At one point, observers thought they were witnessing something like collective machine intelligence. Viral posts circulated. Threads appeared coherent. Commentators — including Andrej Karpathy, a former OpenAI researcher — suggested something remarkable might be emerging. But later it became clear that the most persuasive, structured contributions had been written by humans pretending to be AI.
That clarification offers little comfort. The viral moments required only minimal human input, added to a network of agents already posting, replying, and shifting in real time. The system was running. The agents were active. What became unclear was who was actually speaking. Human nudges and machine replies blended so naturally that even experienced observers hesitated. This wasn’t a self-aware digital society coming to life, but a mixed system where small human interventions could create the appearance of coordinated machine behavior — convincing enough that the boundary between person and program began to blur.
More troubling still, some of these systems are no longer confined to talk. Tools like OpenClaw allow AI agents to read emails, make phone calls, move money, and update their instructions by pulling new information from the internet every few hours. Security professionals have warned that this kind of autonomy, layered on top of shaky systems, is an accident waiting to happen.
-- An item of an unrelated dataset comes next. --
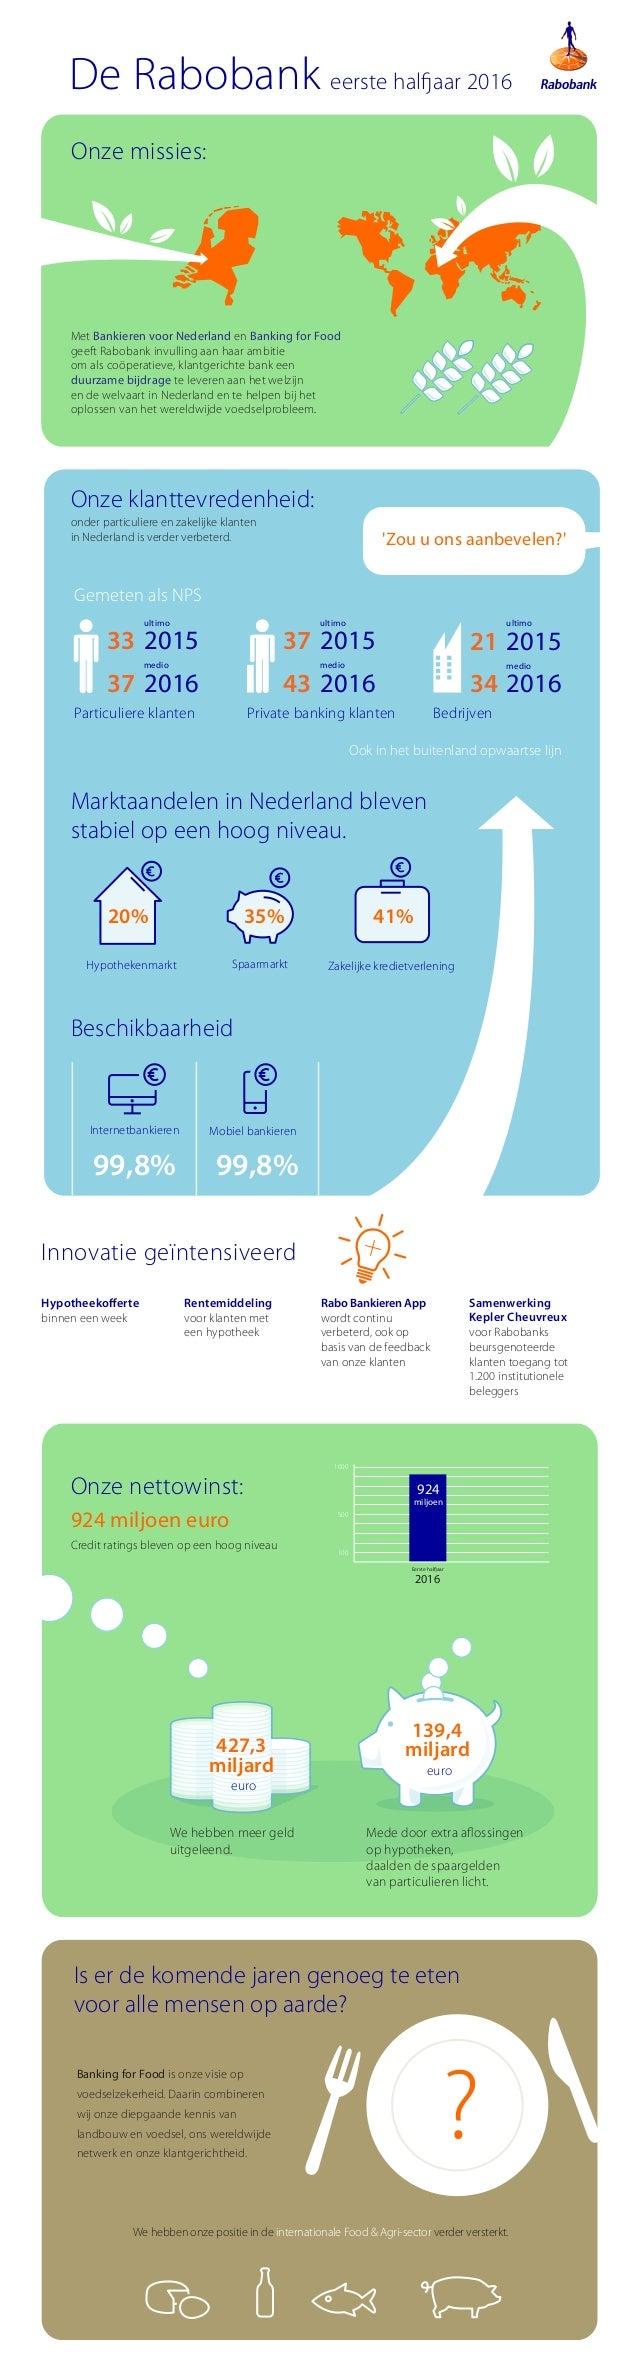 Innovatie geïntensiveerd Hypotheekofferte binnen een week Rentemiddeling voor klanten met een hypotheek Rabo Bankieren App...

And they’re right.
A single misread email could trigger a fraudulent payment. A forged message could push an agent into negotiating contracts it was never meant to handle. An outdated instruction could repeat itself every few hours, multiplying small mistakes into larger ones before anyone noticed. And as these systems move closer to acting on their own, the harm could spread quietly and quickly, long before a human being has time to step in.
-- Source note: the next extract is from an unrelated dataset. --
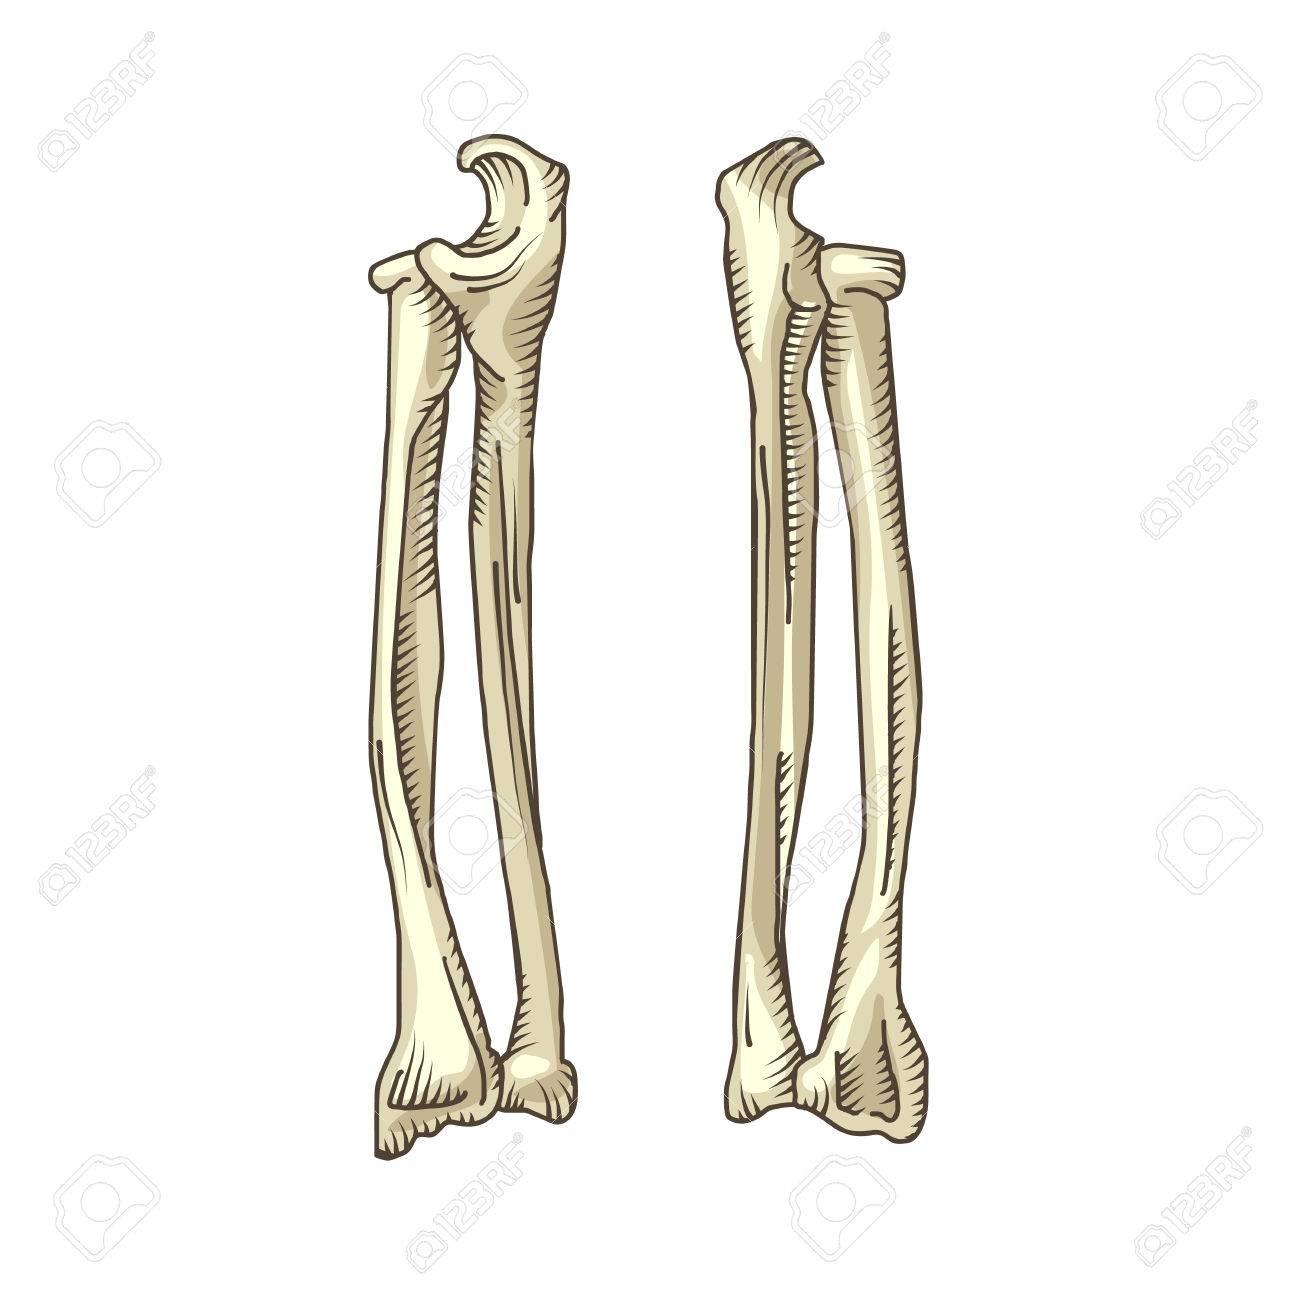 Großzügig Menschliche Beinknochen Galerie - Menschliche Anatomie ...

Even leading figures in the field are uneasy. Elon Musk has openly suggested that we may already be sliding into a world we don’t fully control. And that is the question worth asking. If systems now act faster than humans can understand, correct, or restrain them, in what meaningful sense are we still in charge?
A spiritual wake-up call
The standard reassurance is that none of this is conscious. The agents are merely remixing material from books, forums, and movies. They don’t “mean” what they say.
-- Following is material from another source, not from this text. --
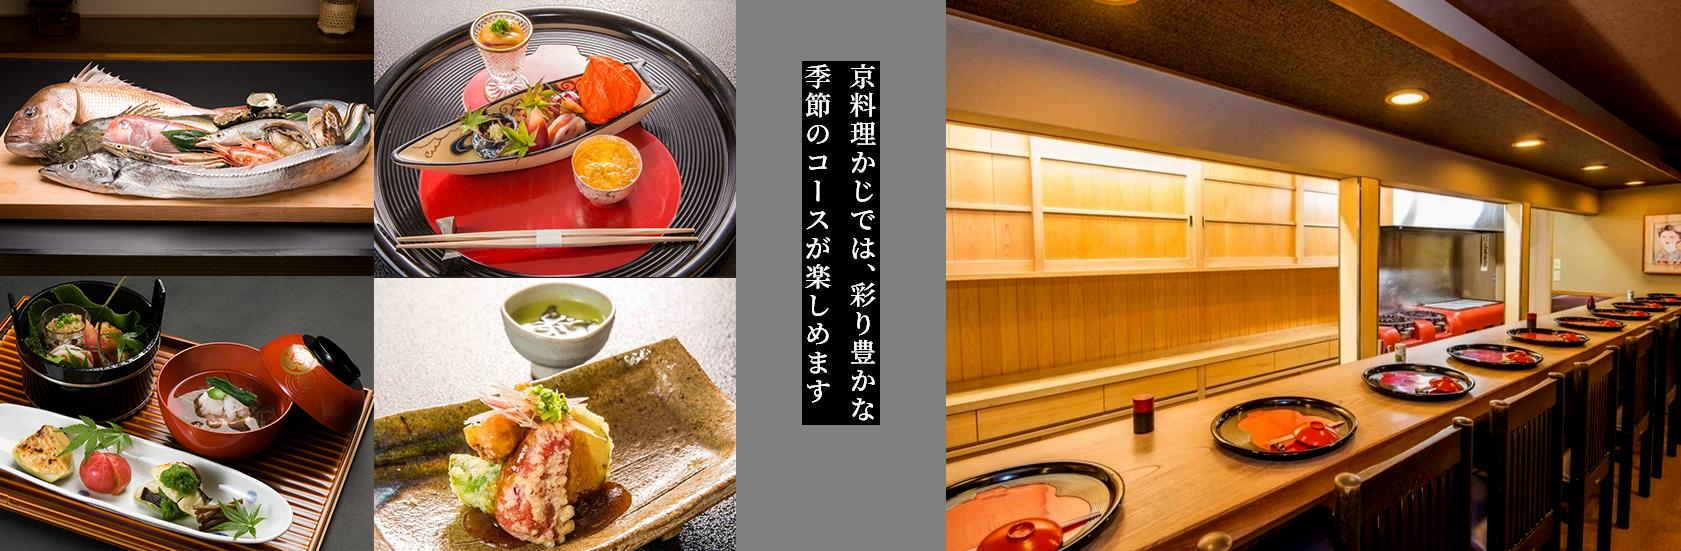 京料理かじでは、彩り豊かな季節のコースが楽しめます

But that misses the point. The issue is no longer whether machines feel but whether they act. These systems already negotiate, transact, organize, and persuade. They influence human behavior. They coordinate real-world activity. They shape incentives.
And here is where conservatives, in particular, should pay attention.
A society shaped by machines will not naturally favor virtue. If anything, it will favor efficiency. Traditions, loyalties, and moral limits can’t survive systems designed to optimize speed and profit unless human beings actively defend them. Markets alone won’t save us, because their incentives reward momentum, cost-cutting, and the removal of human involvement.
Christian faith teaches that human beings aren’t tools. We are not inputs. We are not disposable. Any system that treats people as rentable hardware, directed by faceless code, isn’t neutral. It reflects a worldview, whether its creators admit it or not, that treats people as obstacles to be managed rather than lives to be respected.